Young sleuths for old crimes: students investigating civil rights-era murders piece together the victims' stories--and help families heal.

AuthorSmith, Patricia
PositionNATIONAL

Searching the grounds of a small cemetery in Georgia last fall, Ellie Studdard did a double take after spotting a small corner of concrete, mostly hidden by mud, with the letters ISA still visible. As her heart began racing, she cleared away the dirt and branches and unearthed a piece of history long obscured.

Studdard, a junior at Emory University in Atlanta, had found the lost grave of Isaiah Nixon, a 28-year-old black man who was shot to death by a white man in Alston, Georgia, in 1948. She had come to the cemetery in the nearby city of Uvalda with some classmates and a professor as part of a class on civil rights-era cold cases.

"I was in so much shock once I confirmed to myself that it said Isaiah Nixon," Studdard says. "It was totally incredible beyond anything."

The location of Nixon's grave had been lost to his family for decades, and finding it was the most tangible accomplishment in the Emory students' quest to uncover the details of his murder.

The Emory class, called the Georgia Civil Rights Cold Case Project, began in 2011. It's one of a handful of initiatives at various schools, including Syracuse University and Northeastern University, to investigate civil rights-era cases that remain unresolved. The Emory class is the only one for undergraduates.

The case of Isaiah Nixon is one of hundreds of racially motivated killings that took place across the South in the Jim Crow era. At the time, many of these crimes were barely noted, much less investigated. Relatives of victims were often afraid to come forward, lacking faith in the judicial system and fearing retaliation from groups like the Ku Klux Klan, which waged a campaign of racial terror across the South and was responsible for many of the murders. When charges were filed, it was common for all-white juries to acquit those charged, as in the Nixon case.
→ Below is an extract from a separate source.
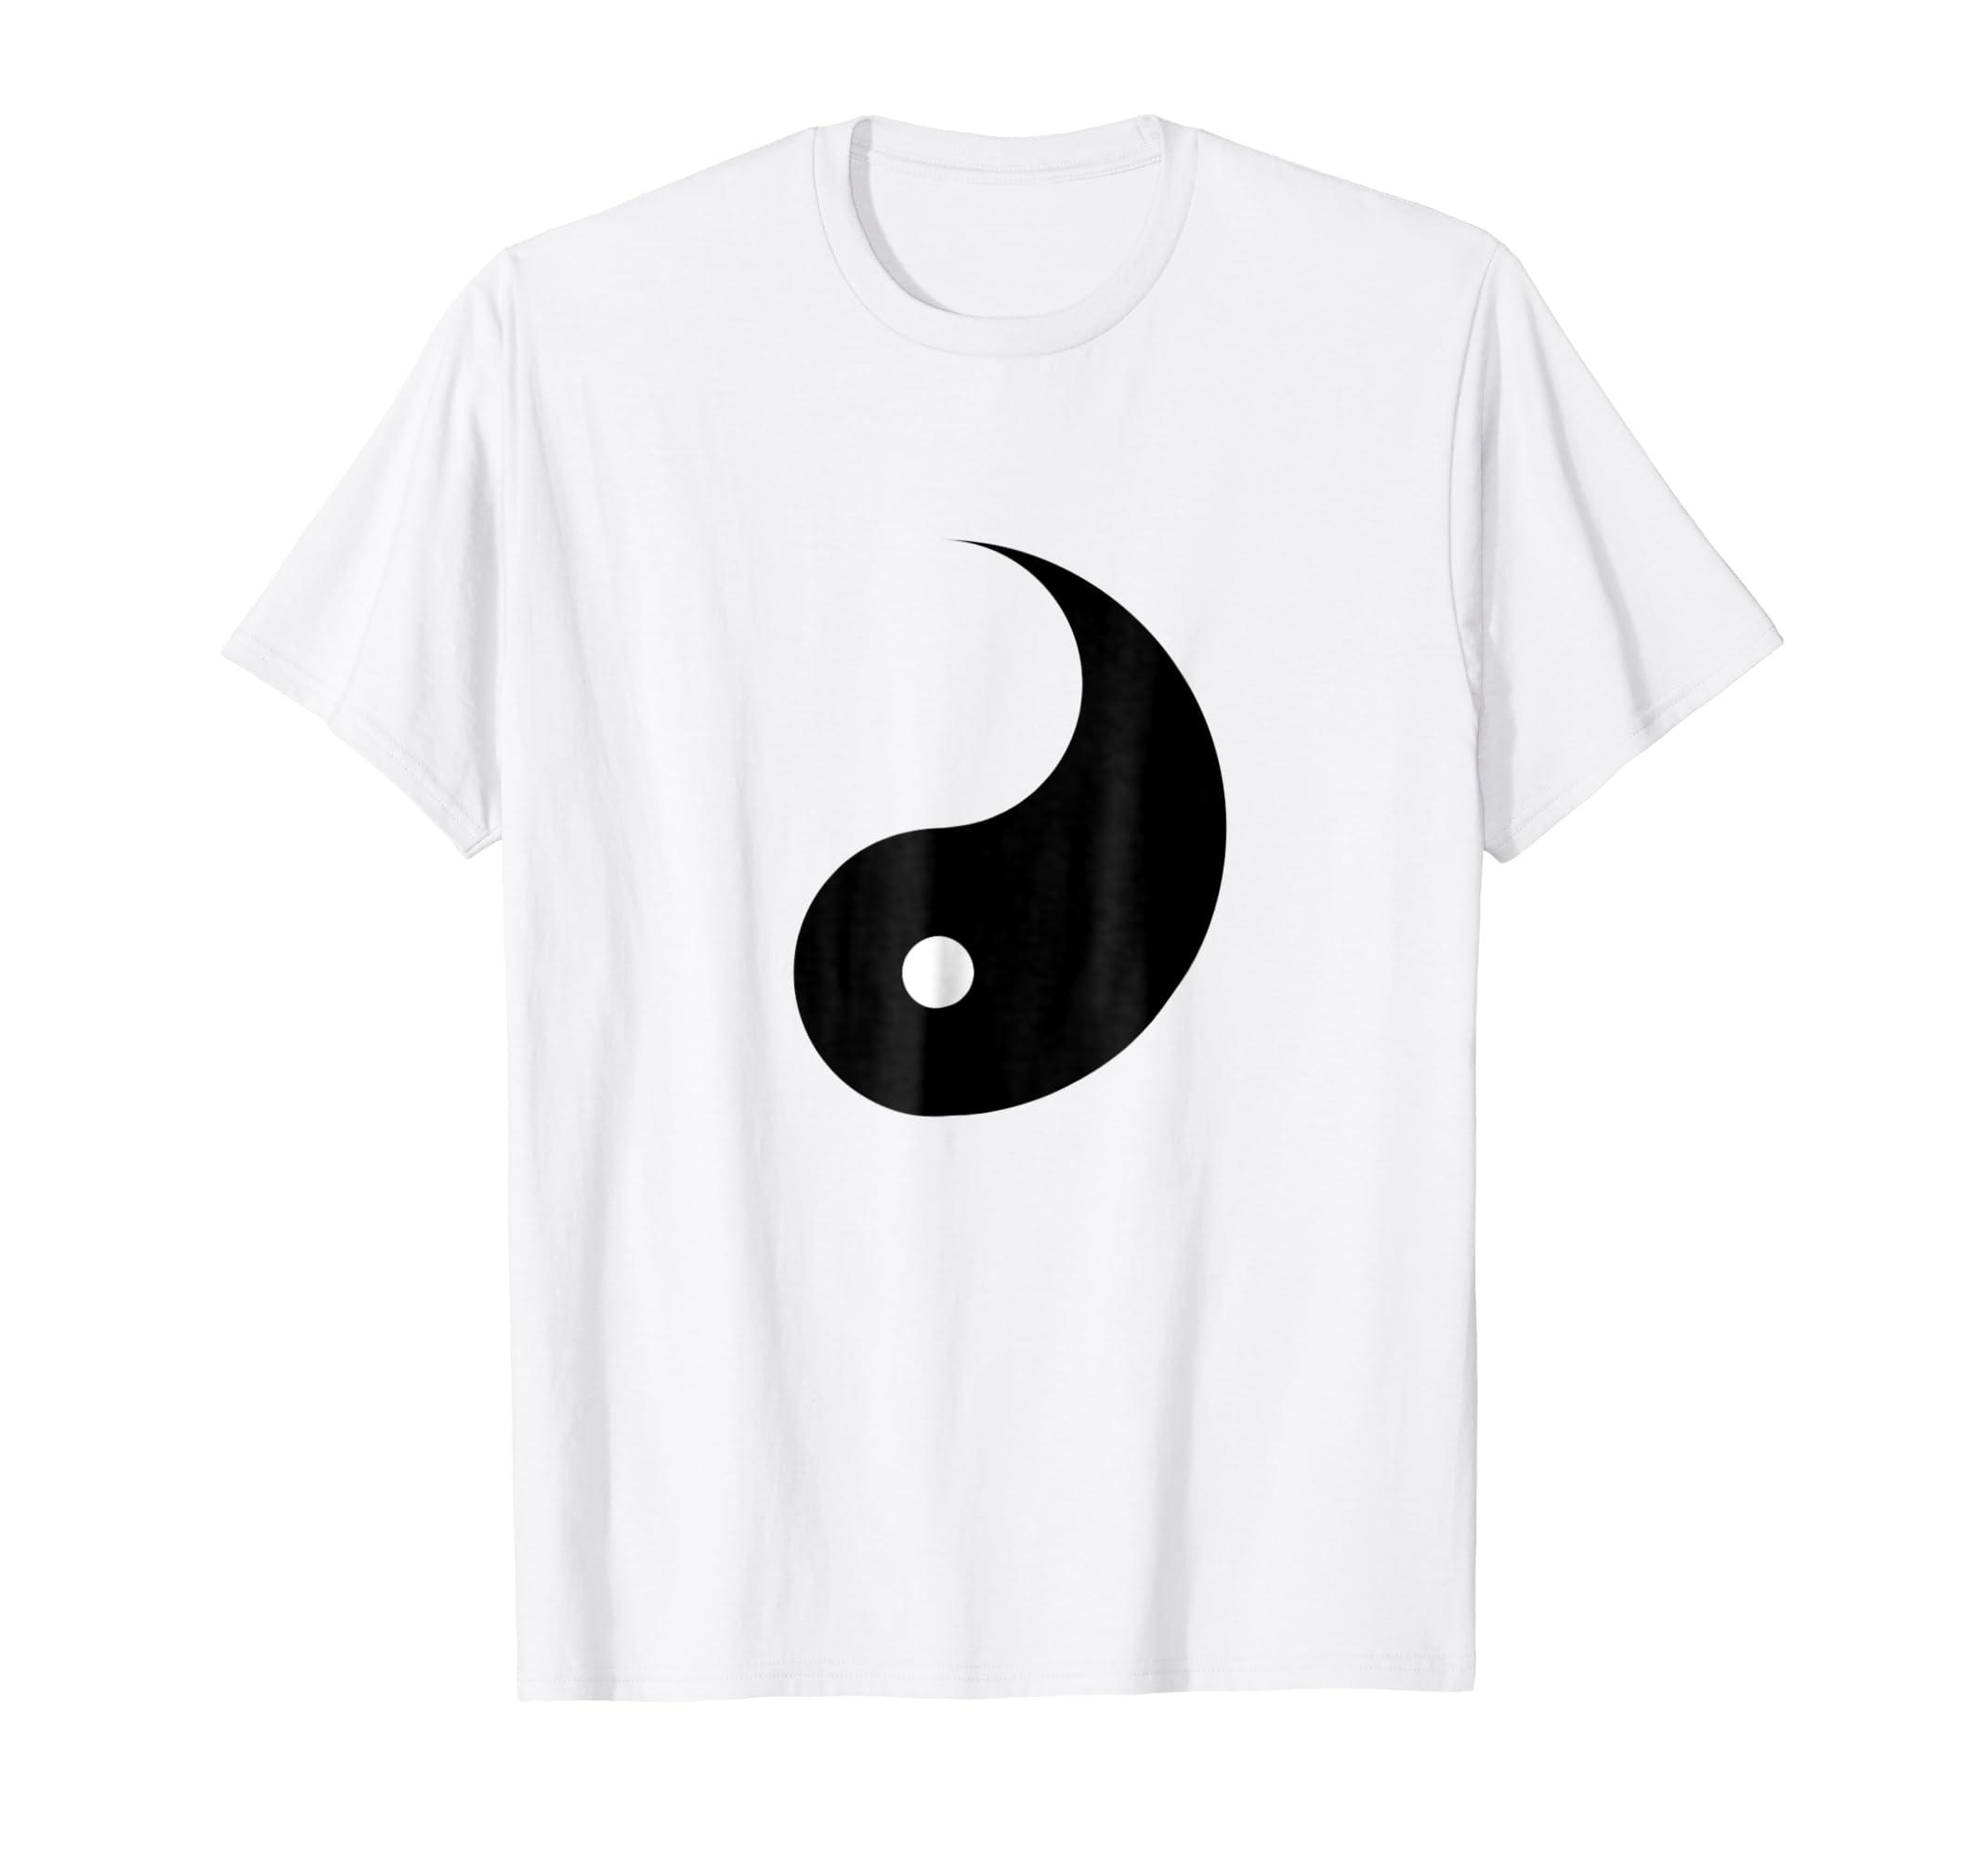 Yin shirt - Matching Yin Yang Costume Tshirt-mt

Decades later, many of these cases remain unresolved.

In 2006, the F.B.I. began a cold case initiative to investigate racially motivated murders from the civil rights era. That effort became a mandate two years later, when Congress passed the Emmett Till Unsolved Civil Rights Crime Act. (Till was a 14-year-old black boy who was tortured and killed in Mississippi in 1955 for supposedly flirting with a white woman. His case was heavily covered in the press and brought attention to the civil rights movement.)

From the outset, the government faced formidable challenges: limited federal jurisdiction, the statute of limitations...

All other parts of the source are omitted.